# Postfix + Cyrus-Imapd via Kerberos with AD users.

## SimbioS

Hi there.

SORRY, CAN I place the message in the wrong place, but I am desperate  :Sad: 

I install on my gentoo OS, Postfix + Cyrus-Imapd +Cyrus-Sasl with Kerberos and ldap support.

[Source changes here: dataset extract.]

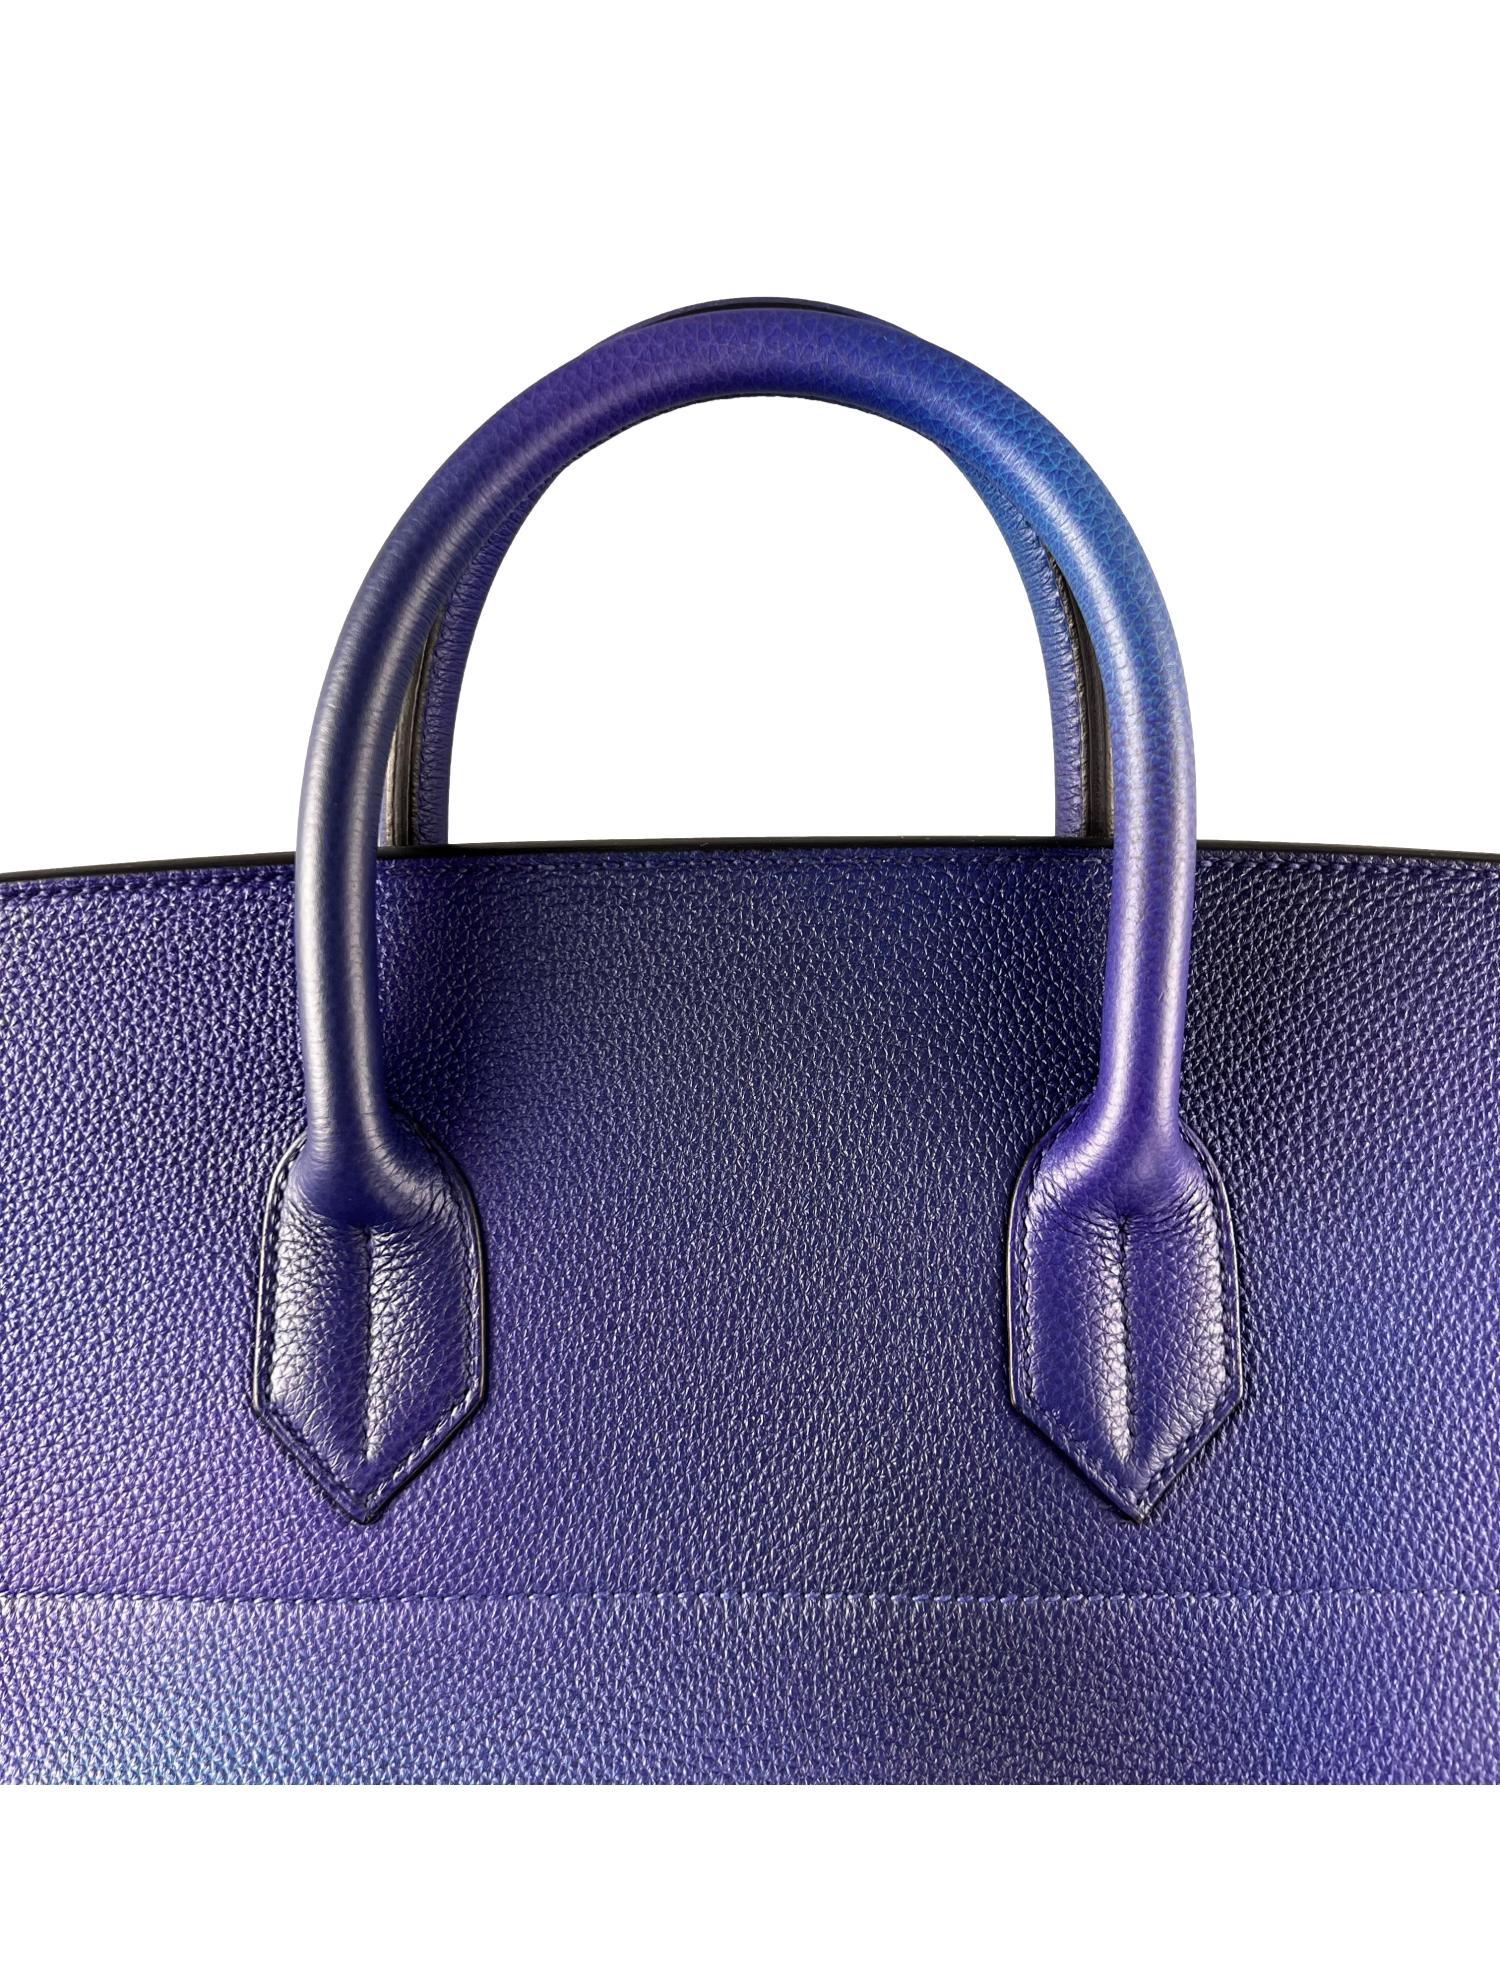 Hermès SS19 Ombré Haut à Courroies Cosmos HAC 50 Nuit Violet Limited Edition Bag 9

1. Create keytab on my Windows srv 2008 (AD+KDC):

ktpass -princ host/srv-mydomain.local@MYDOMAIN.LOCAL -mapuser ldapmail@MYDOMAIN.LOCAL -crypto RC4-HMAC-NT -ptype KRB5_NT_SRV_INST -pass "mypasswd" -out c:\mail.keytab

2. Copy mail.keytab via SCP to linux server (srv-mydomain.local)

changed permission

chown root.kerberos /etc/mail/mail.keytab

where kerberos:

cat /etc/group | grep kerberos

kerberos::1100:root,postﬁx,cyrus

kinit this keytab:

kinit -V -k -t /etc/mail/mail.keytab host srv-mydomain.local@MYDOMAIN.LOCAL

Authenticated to Kerberos v5

3. saslauthd start with next option:

ps ax | grep sasl

27593 ? Ss 0:00 /usr/sbin/saslauthd -a kerberos5

cat smtp.conf

pwcheck_method: saslauthd

mech_list: gssapi

sasl_pwcheck_method: saslauthd

sasl_mech_list: gssapi

sasl_keytab: /etc/mail/mail.keytab

I want, my users to be held authenticated via Kerberos, without using a login & password.

Postfix & Cyrus-Imapd should verify the existence of these users in AD.

So what is my next steps ???

many thanks ALL for your help  :Smile: 

--

Ross

----------

## gerdesj

You have provided nearly the perfect query - lots of config details.

However, no logs - from anything.

Have you looked at any logs.  For starters your KDCs should see something and report in Event Log.  If they are not then either logging isn't configured or requests are not even being sent.

Dig out Wireshark. 

Cheers

jon

----------